The official story is a triumphant one: a hardware gadget became a sprawling, integrated fintech ecosystem, the textbook case of expanding from your core into every adjacent job your customer has. That part is true. The part the story leaves out is the price - not what the products cost, but what the expansion cost. Block's most important adjacency move was announced at roughly $29 billion and settled, twelve weeks later, for less than half that. The expansion was real. The thesis behind it is still waiting to be proved.
The dongle was never the business. The next job was.

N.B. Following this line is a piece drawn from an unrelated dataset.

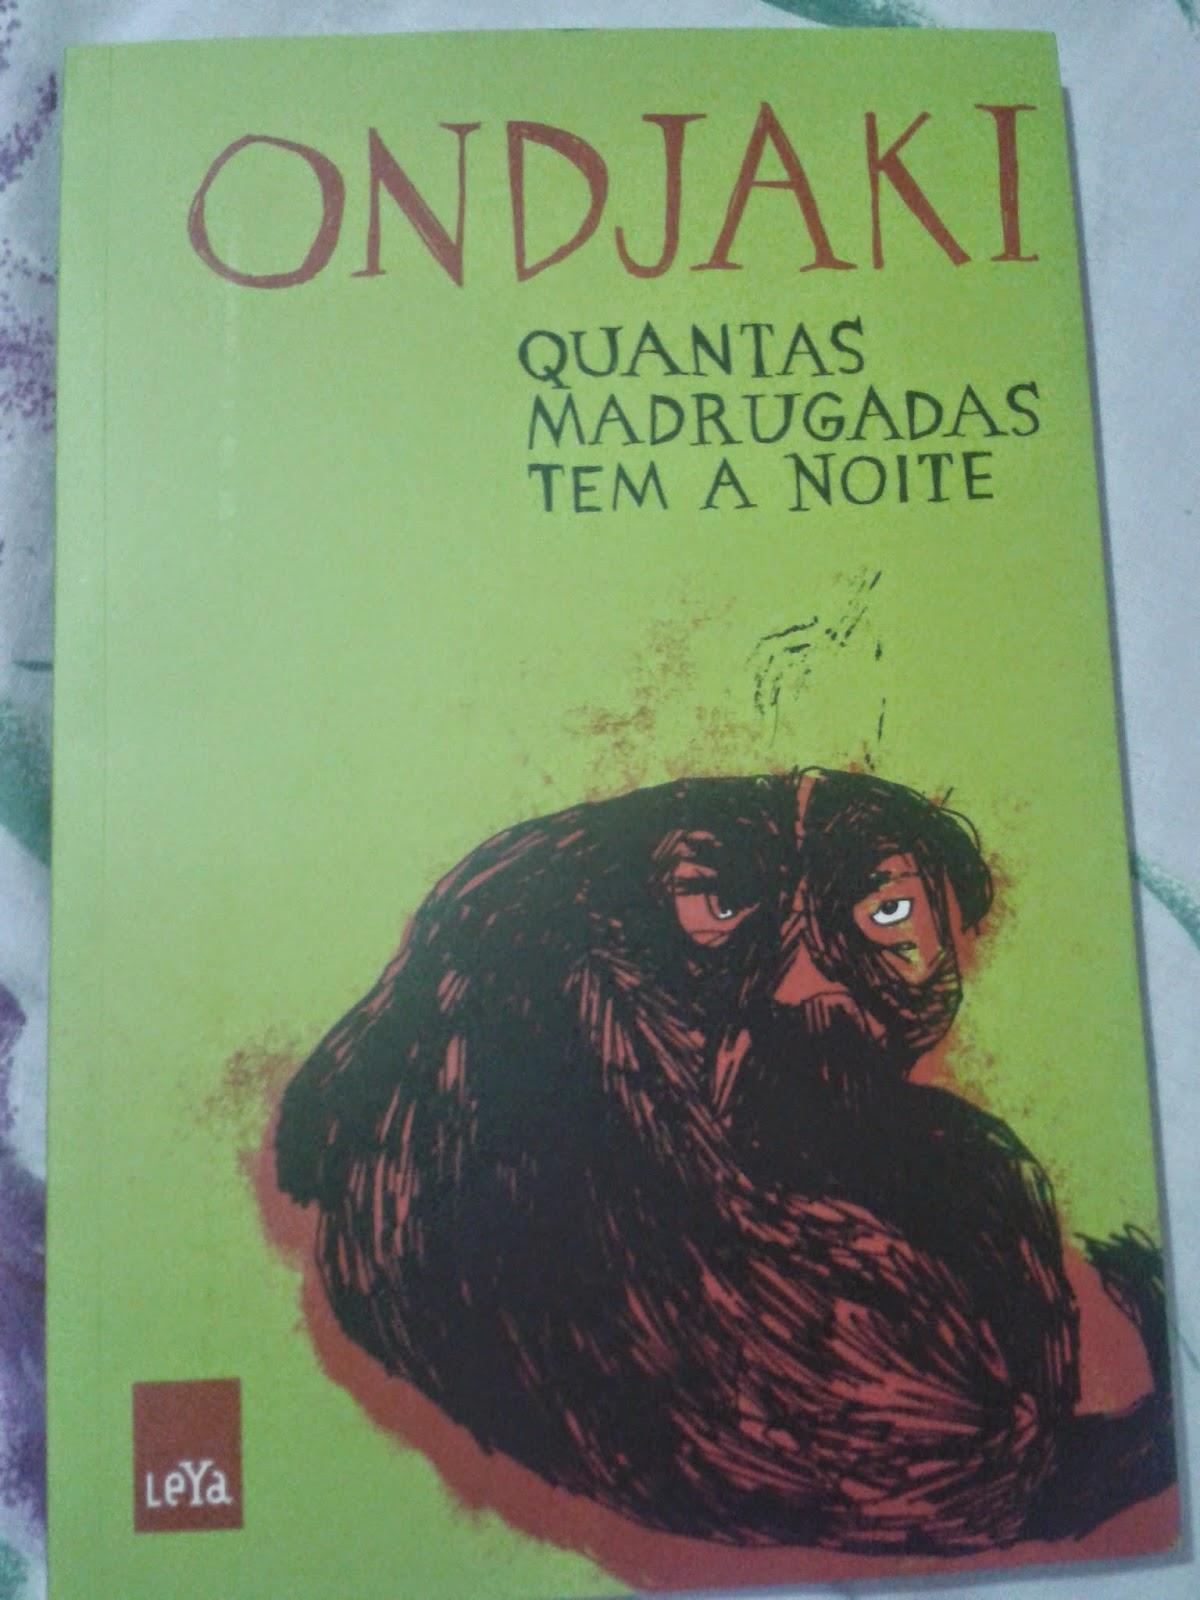 Ondjaki - Quantas Madrugadas Tem a Noite

Adjacency expansion has one rule: don't sell a customer a new product, attach yourself to a job they already do. Square mastered this. The card reader put it inside the daily cash flow of millions of tiny merchants - the food truck, the hair salon, the farmers'-market stall. Once Square could see those merchants' sales in real time, the next job was obvious: those same merchants needed working capital, and Square already knew exactly how much money flowed through them, which made it a far better lender than a bank that had never met them. Then came the other side of the counter. Cash App started as peer-to-peer money transfer - the consumer the merchant was selling to - and turned into a wallet, a debit card, a brokerage, a Bitcoin on-ramp. Each move was a step into the room next door, not a leap across the building. Square wasn't diversifying. It was following its own customers into the things they were already trying to do.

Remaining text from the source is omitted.